Facebook is Hiding Your Mail - edw519
http://www.slate.com/articles/technology/technology/2011/12/facebook_s_other_messages_mail_you_are_probably_missing.html

======
citricsquid
THIS EXPLAINS EVERYTHING. God damnit Facebook.

So a couple of months back we did a give away, 100 people who like our
Facebook page (for the Minecraft forum) get a free copy of Minecraft. After
the competition "closed" I picked 100 winners and messaged them their copy,
this is what, $2000 - $2500 value?

Less than 10% (edit: I checked my spreadsheet, 8 people) ever replied to me
and this explains why. Because I can't message _from_ a fan page I messaged
from my personal account... so most of these people don't know that they ever
won (they weren't my friends) and probably never will. The message is there
sitting waiting to be read...

sigh.

------
Kylekramer
Golden rule of spam filtering: a false positive is much, much worse than a
false negative. Friends only messaging is a kind of Gordian Knot solution that
is admirable in its boldness, but spam is a complex problem that requires a
complex solution. Facebook shouldn't be taking the easy way out, especially as
it becomes the de facto communication platform.

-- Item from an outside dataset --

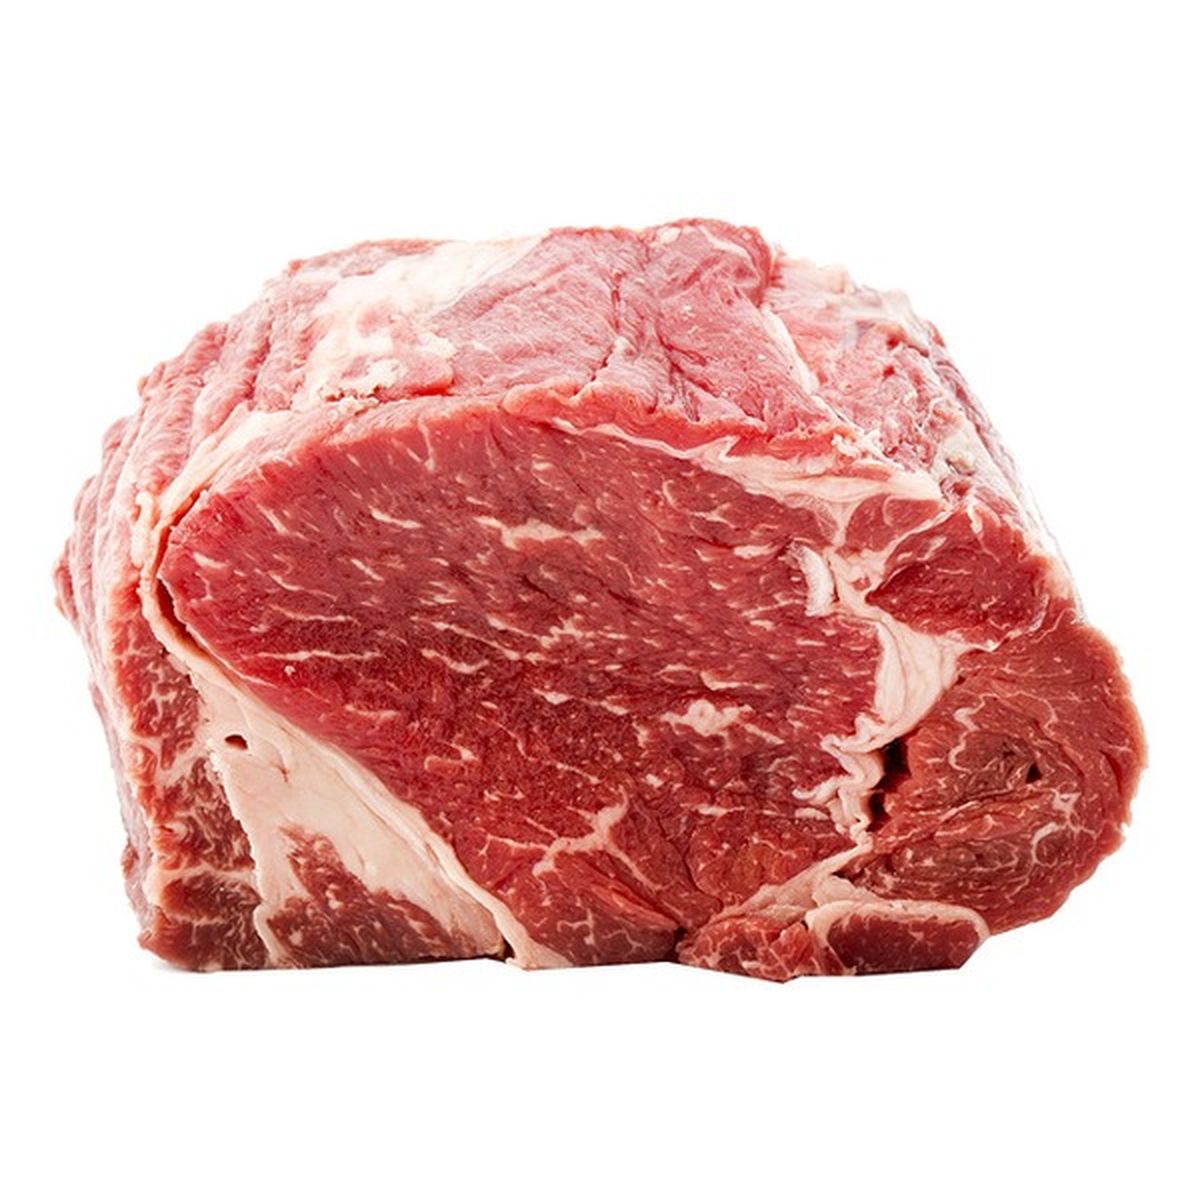 Ungraded Beef (also known as Veal) Rib Steaks – L&M Meat Distributing Inc.

Just to add a personal data point, I had a very similar experience with the
author of the piece. Lost my wallet recently, and lo and behold, I got a
Facebook message I never saw till today. Yes, 99% of all the "Other" messages
were spam, but this was probably the most important FB message I ever got.
Lucky for me I also had an ID card in there that the finder was nice enough to
extrapolate my work email address from, but Facebook needs to address this.

------
asr
Facebook jumping shark--a loose timeline:

2004: I sign up for Facebook because it lets me easily find classmates' cell
numbers, and I got my first cell phone for Christmas!

2005: wow, my HS friends are all joining facebook! More connection.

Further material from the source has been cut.